Don't know how to do that? Just write us a brief email!

Managing tool resources¶

ZARP has been tested with many samples, and we set default parameters to ensure optimal performance of the tools across a broad range of samples (e.g., a tool can run on multiple threads). With respect to setting the maximum memory usage per rule, Snakemake provides a variable mem_mb in the directive resources. But given that the memory usage is strongly sample-dependent (sample size, souce organism), in ZARP we use dynamic memory allocation.

We estimate the required memory based on the size of the input file using scaling factors that we have obtained empirically from the analysis of many samples. Should that initial estimate lead to a rule failing, it is re-run with an increased memory allocation. This process is repeated up to three times.

This is what the dynamic memory allocation looks like in the workflow definition file:

resources:
    mem_mb=lambda wildcards, attempt: 4096 * attempt,

In some cases the workflow might still fail. This means that you would need to manually alter the mem_mb used. The best solution for that is to increase the orginal memory used. In the above example, increase it from 4096 MB to a higher value, based on your expectations.

Globally capping resource consumption

Note that Snakemake provides configuration parameters to globally limit resource usage (both for memory and the number of CPUs/threads). If set, these will take precedence over the individual rule settings. This is useful if you are working on a laptop, or another machine with very limited resources. However, if your resources are lower than what the most resource-hungry tool integrated in ZARP requires as a minimum for a given run, you will not be able to complete that run.

When you submit a workflow to an HPC cluster, additional parameters can be configured through Snakemake profiles. In the profiles/ directory, yo can a few basic options that have proven useful for us. For example, the slurm-conda profile is available, and, as the name suggests, it submits jobs to a Slurm-managed HPC cluster while using Conda to manage the dependencies for each workflow rule.
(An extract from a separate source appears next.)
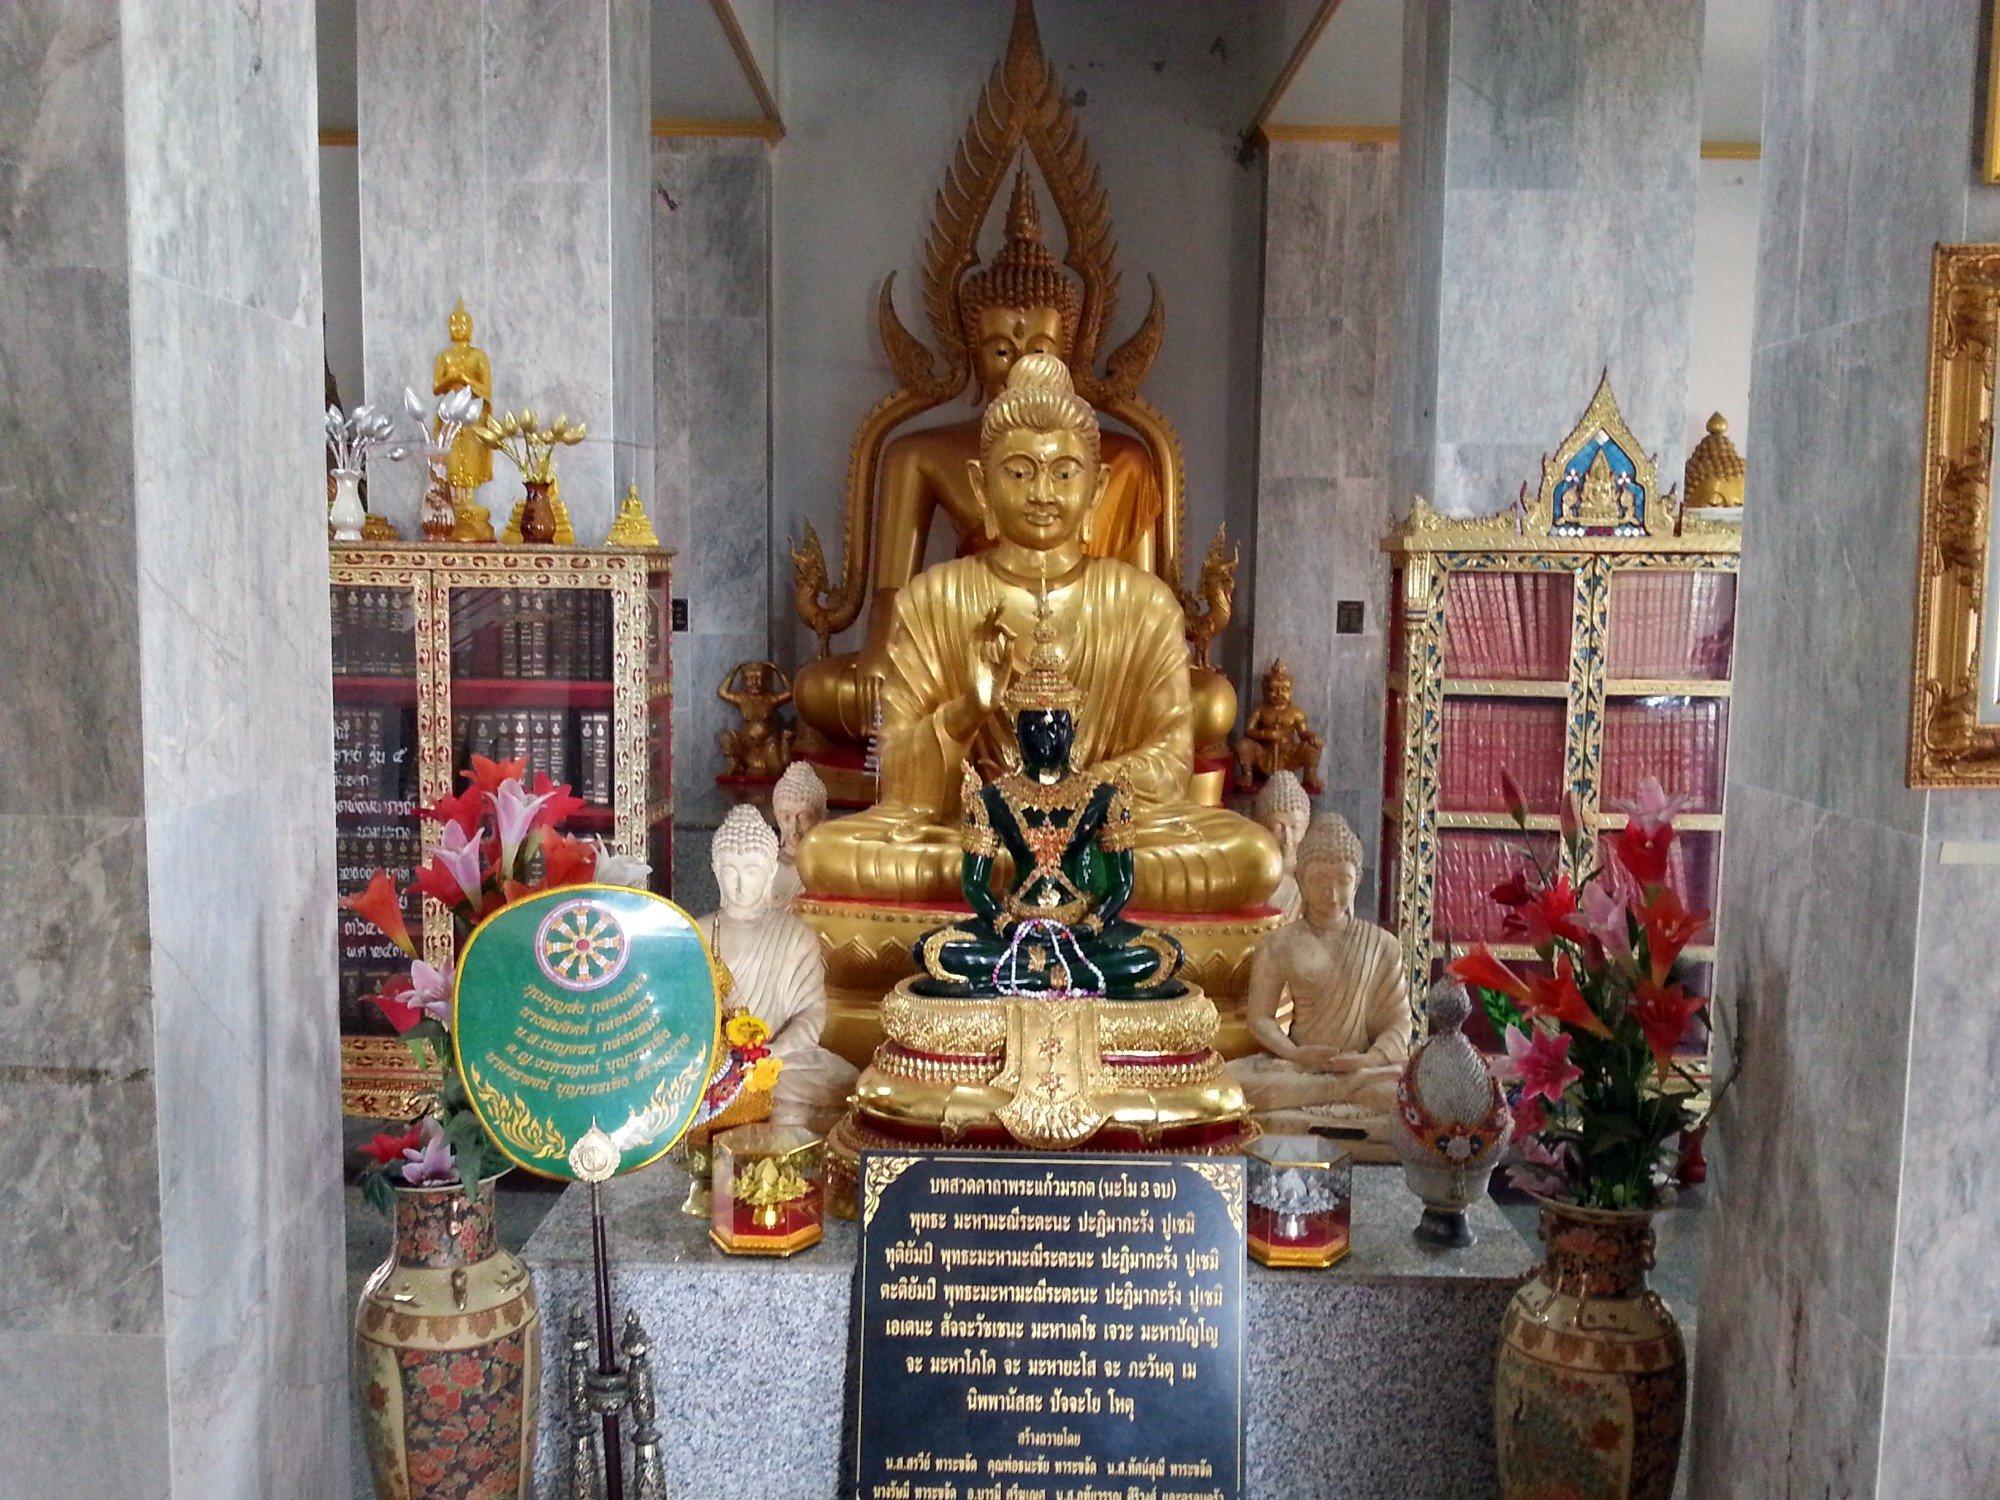 Replica Buddha statues at the Phra Chulamanee Chedi
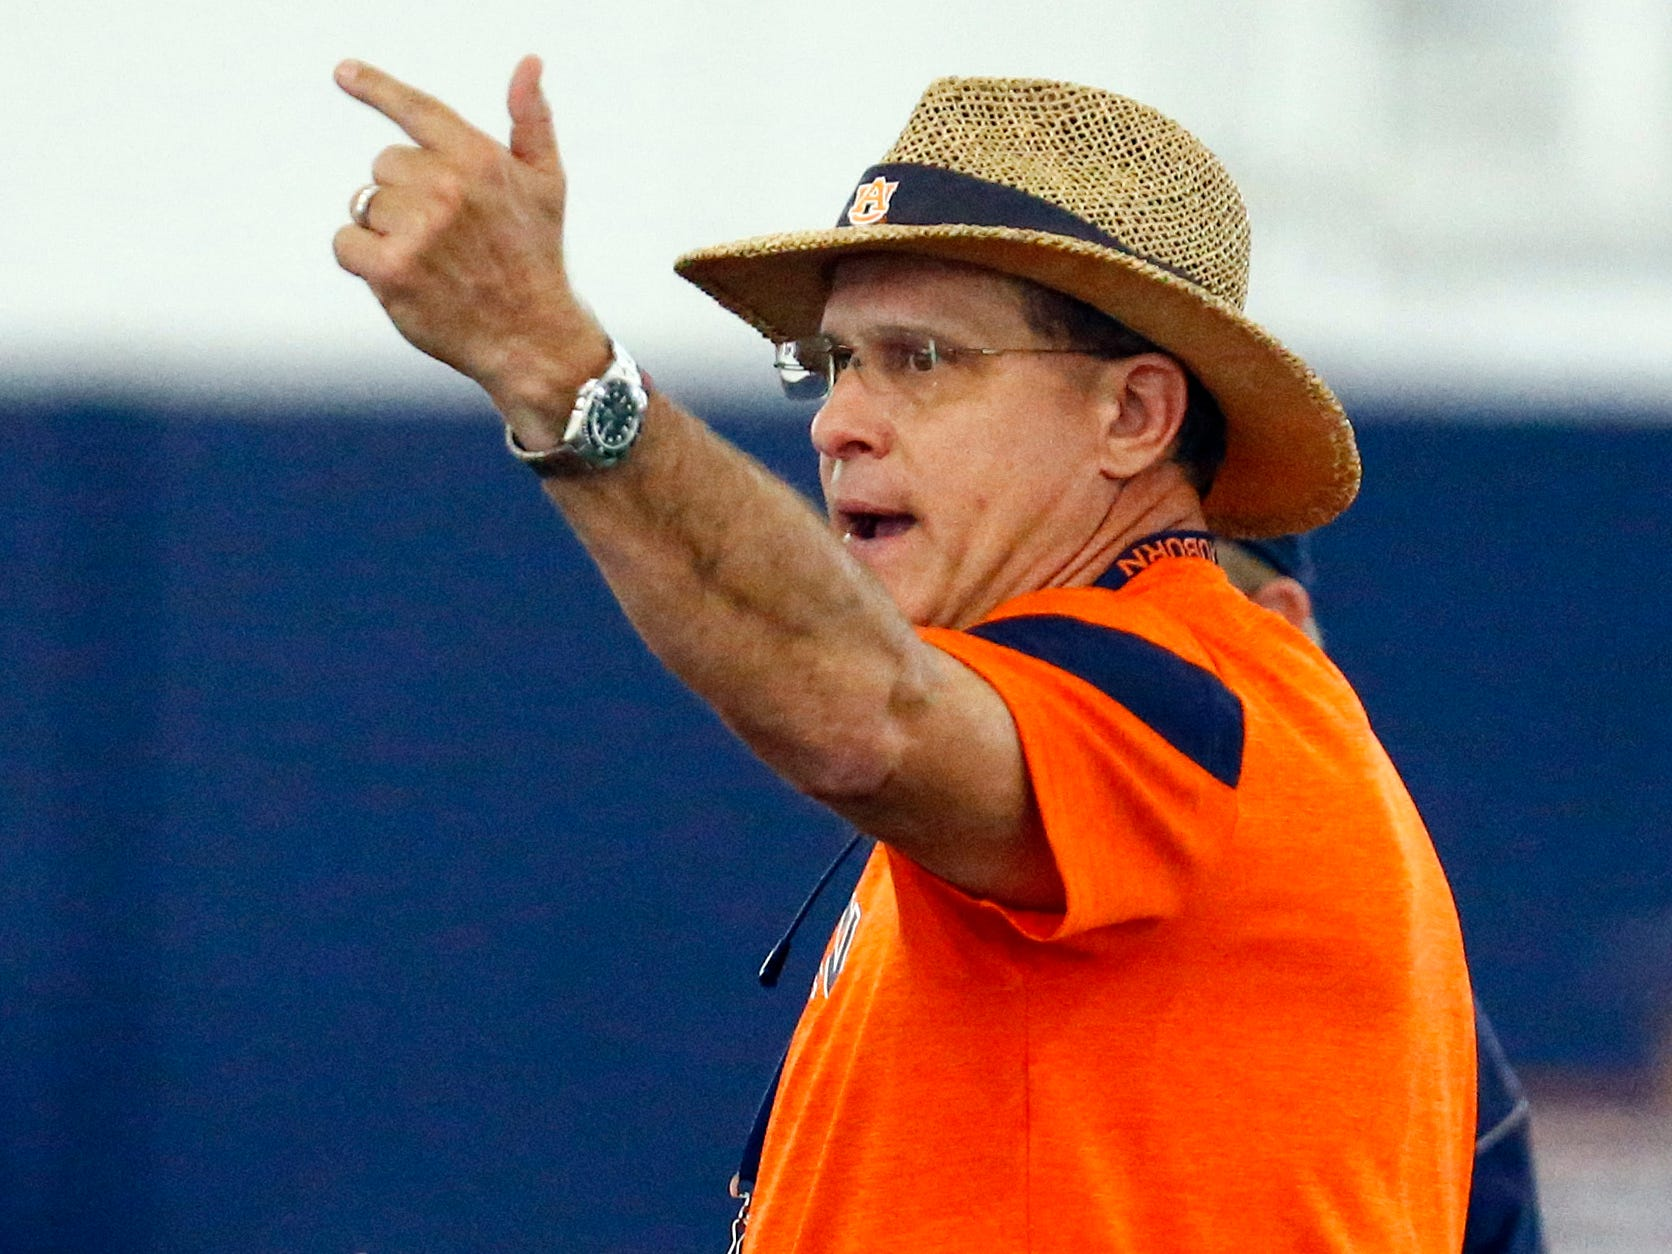 Auburn head coach Gus Malzahn reacts during NCAA college foottball practice, Friday, Aug. 3, 2018, in Auburn, Ala. (AP Photo/Butch Dill)

Using profiles, you can also set default resources that are applied to all jobs, unless explicitly specified. For example, if you want to set the default memory used for all rules, add or modify the following line in the profile configuration:

default-resources: mem_mb=1024

Where to configure runtime limits?

Some parameters, including runtime limits, can only be set in your workload manager configuration. In the case of Slurm, this is in slurm-config.json.